The Necessity of Morals and Civic Responsibility within Public Universities
Many assume that teaching morals and civic responsibility is the soul duty of a family and occurs during the early stages of life. Morals and civic responsibility are apart of our lives from the time we are born until our demise. Even individuals that are brought up in environments that may not be considered the best also develop their own ideas towards moral and civic responsibility. While it is true that individuals develop their own sense of morals and civic responsibility from their families and environments, they can also stand to have these ideas reinforced within them from the public university or college that they attend. By the time many individuals reach the college level many have formed their own beliefs when it comes to morals and civic responsibility. But there are others that come to college without having any form of morals and civic responsibility. These students should have the opportunity to get insight into this.

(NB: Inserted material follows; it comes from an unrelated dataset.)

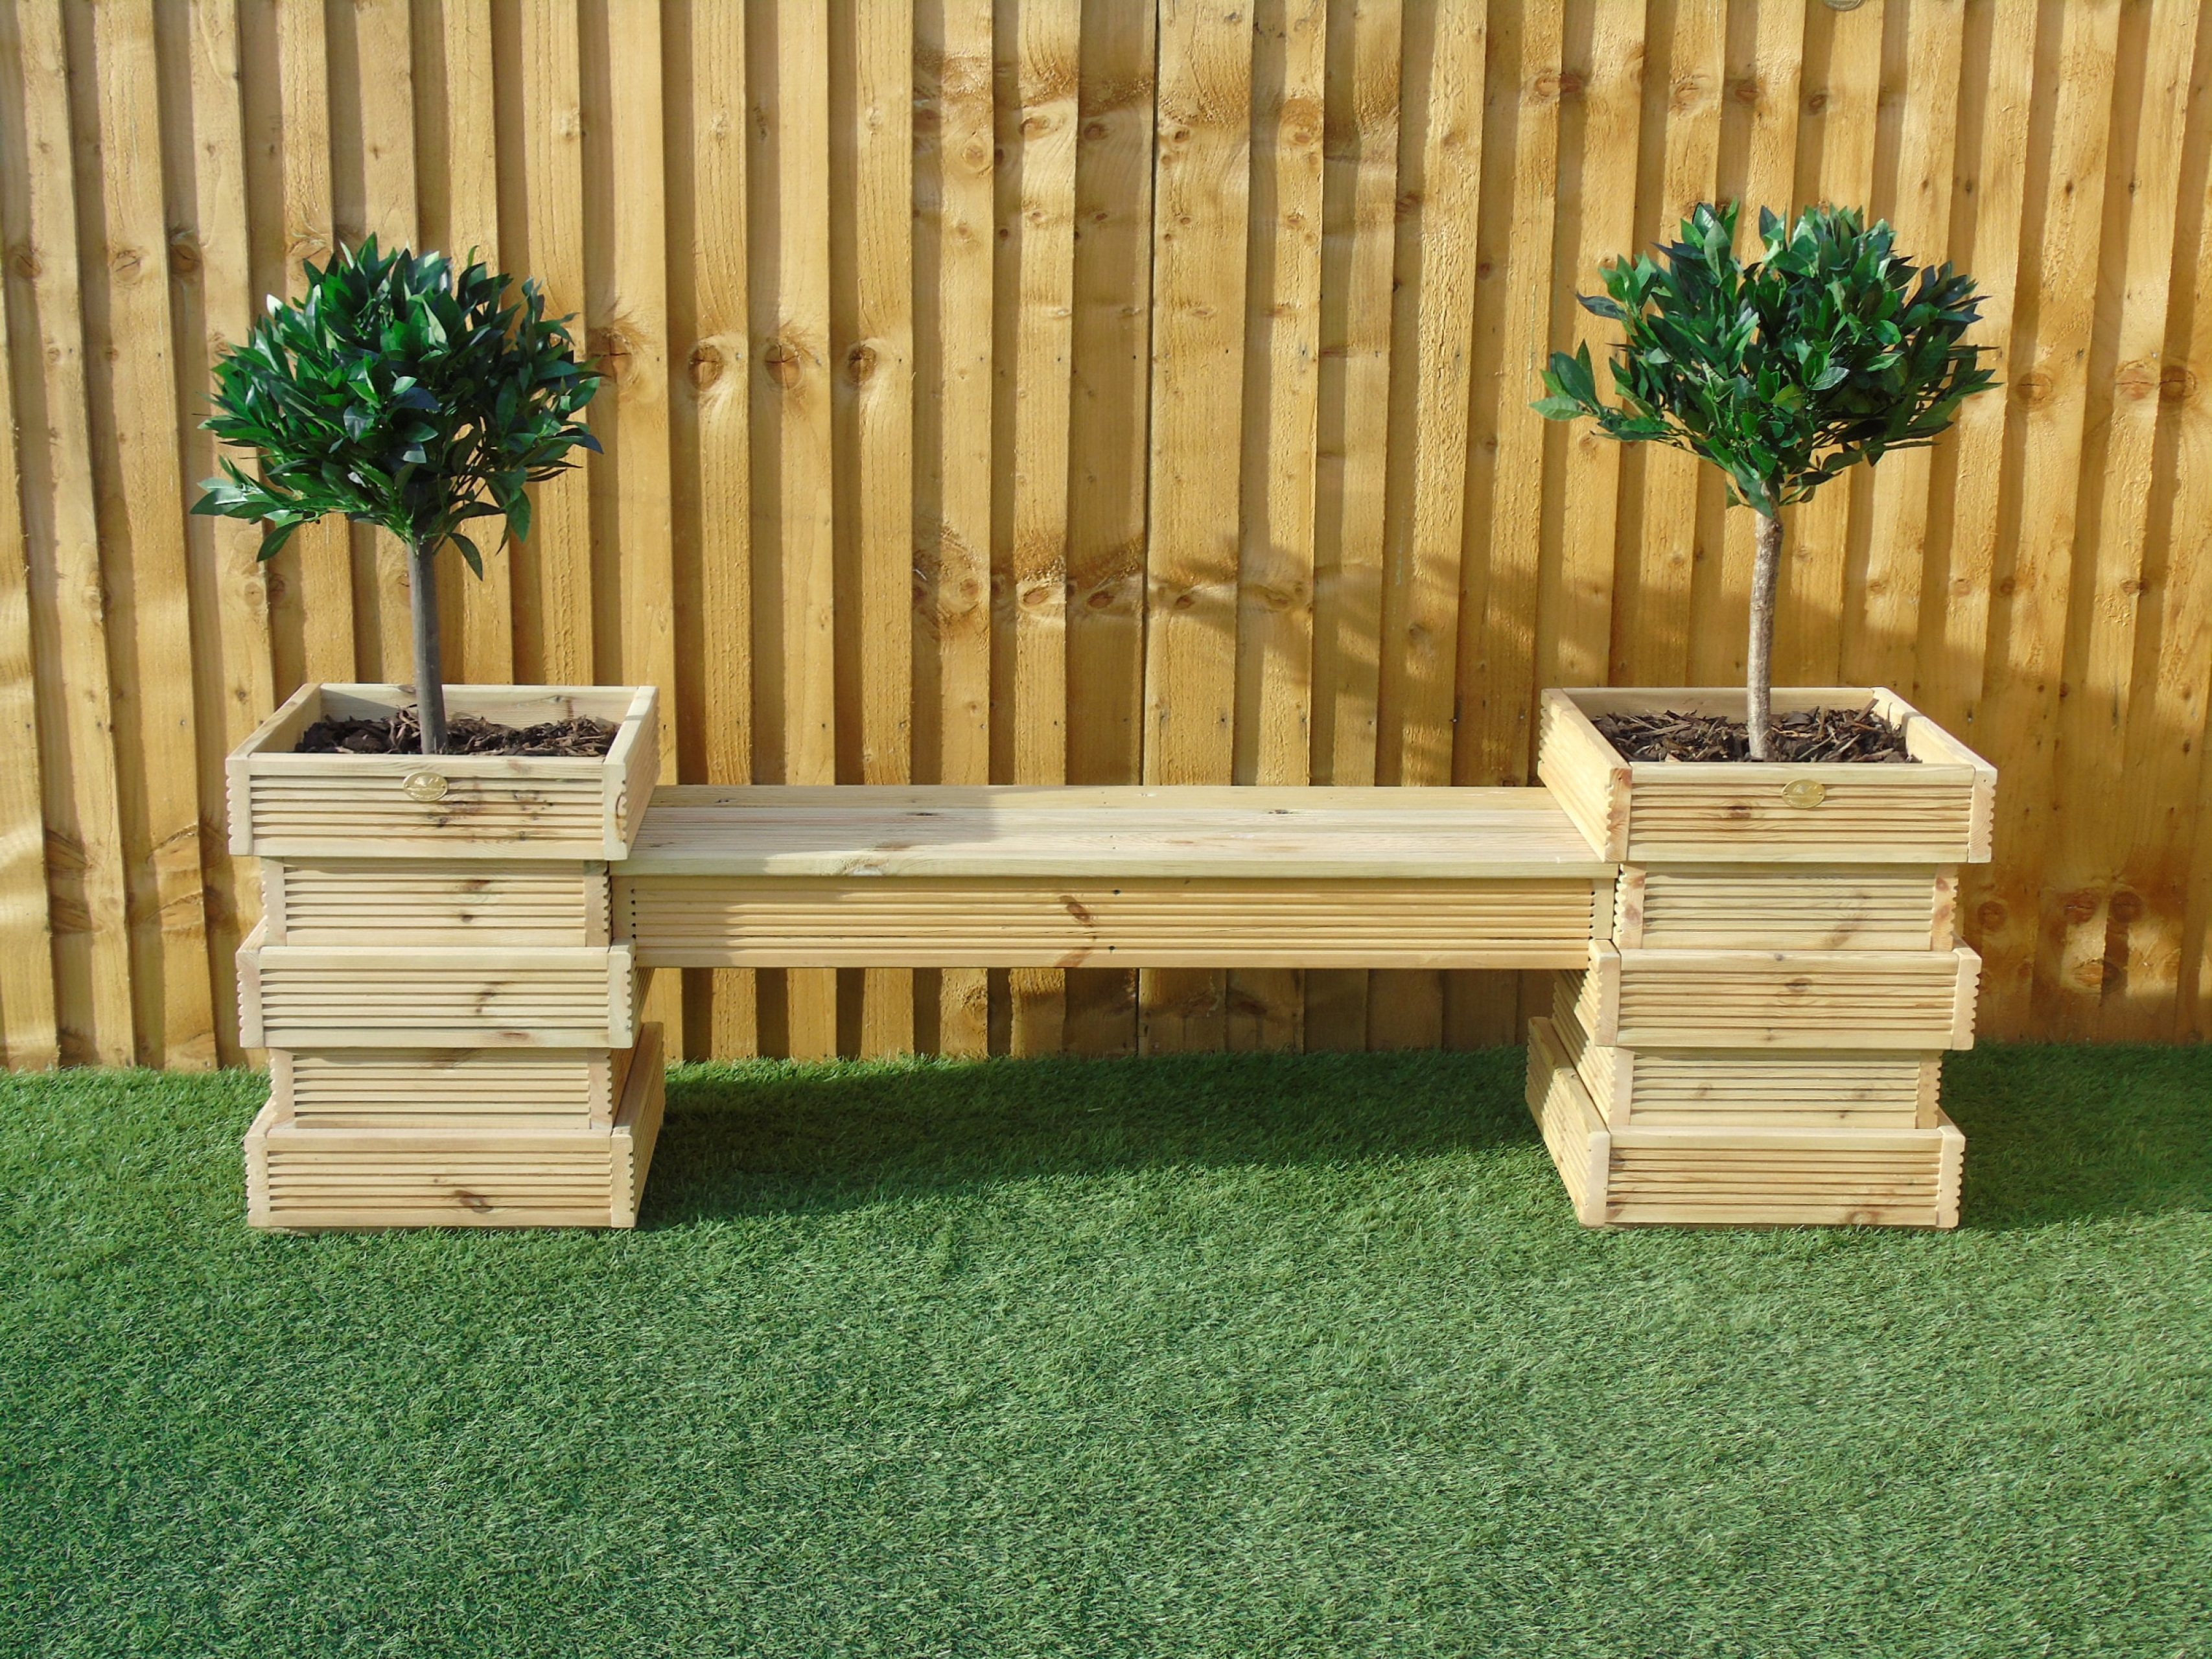 'Make Your Own' - Garden Seating Area Bench Set - Beehive

Colleges and universities are meant to educate individuals as well as prepare them for the "real-world." Universities would not be completely fulfilling their responsibilities if they did not give students the opportunity to get insight into what morals and civic responsibilities are. Having morals and civic responsibility as part of the curriculum in public universities will offer students that come into college with their own conceptions and beliefs of what morals are an opportunity to possibly receive different opinions and perspectives of what morals are. Students that enter into college without any conception or belief of morals will have the opportunity to gain knowledge into the issue of morals and civic responsibility. This exposure can ultimately assist in leading individuals to developing their own morals.